A diver leaves a 3-m board on a trajectory that takes her 2.8m above the board and then into the water 2.7m horizontally from the end of the board.At what speed and angle did she leave the board?

Formulas for projectile motion:
h,max = vo^2 sin^2 (x) / 2g
R = vo^2 sin (2x) / g
where
h,max = maximum height
R = range
vo = initial velocity
x = angle
g = acceleration due to gravity = 9.8 m/s^2
In the problem, we are asked to find vo and x, and we have two equation, so we can solve for them:
2.8 = vo^2 sin^2 (x) / 19.6 : equation (1)

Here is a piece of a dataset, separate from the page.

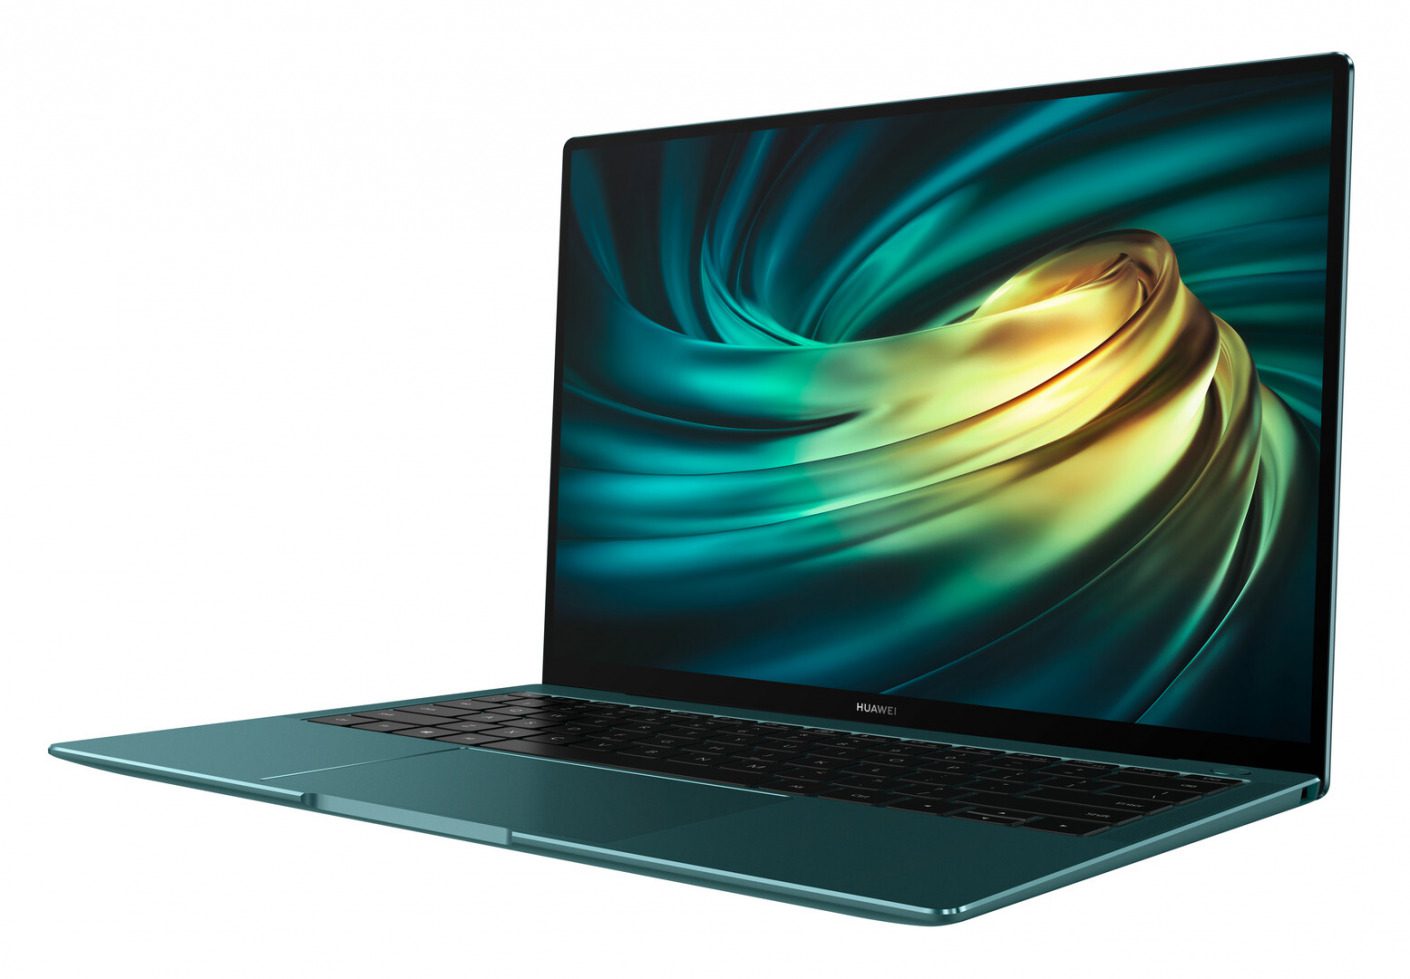 Cek Harga Dan Spesifikasi Laptop Huawei Matebook X Pro Resmi My XXX

2.7 = vo^2 sin (2x) / 9.8 : equation (2)

To solve this, what we can do is to divide equation (1) by equation (2):
2.8/2.7 = (sin^2 (x) / 19.6) / (sin (2x) / 9.8)

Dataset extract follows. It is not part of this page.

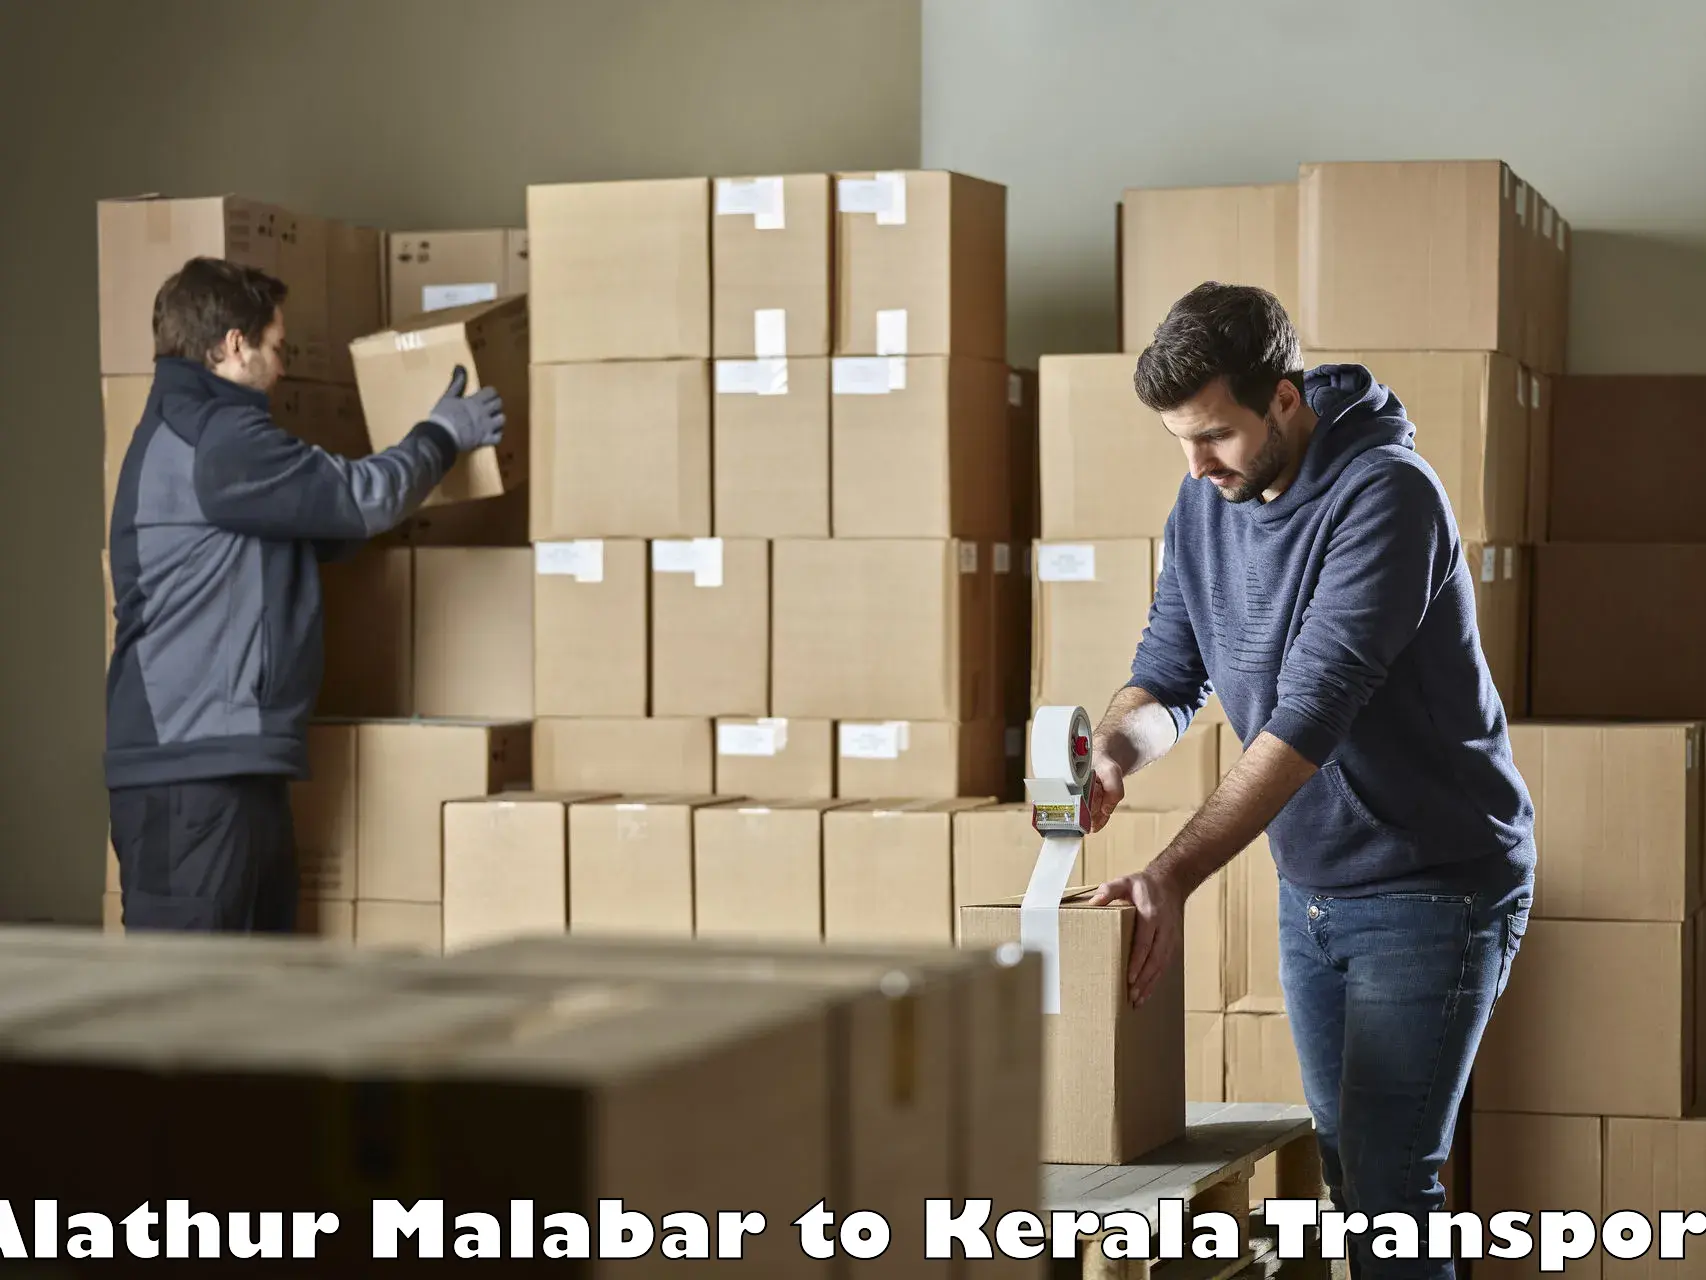 Truck transport companies in India Alathur Malabar to Guruvayur

1.03704 = sin^2 (x) / 2*sin(2x)
Note that sin(2x) = 2 sin(x) cos(x), thus
1.03704 = sin^2 (x) / 2*2*sin(x) cos(x)
1.03704 = sin(x) / 4 * cos(x)
4.148148 = sin(x) / cos(x)
Note that sin(x)/cos(x) = tan(x), thus
4.148148 = tan(x)
x = 76.44 degrees

Now that you have a value for angle, substitute this back to either equation and solve for vo.
hope this helps~ `u`
(I apologize is someone already posted an answer/solution before me. My internet is really slow and I can't seem to post a comment right away.)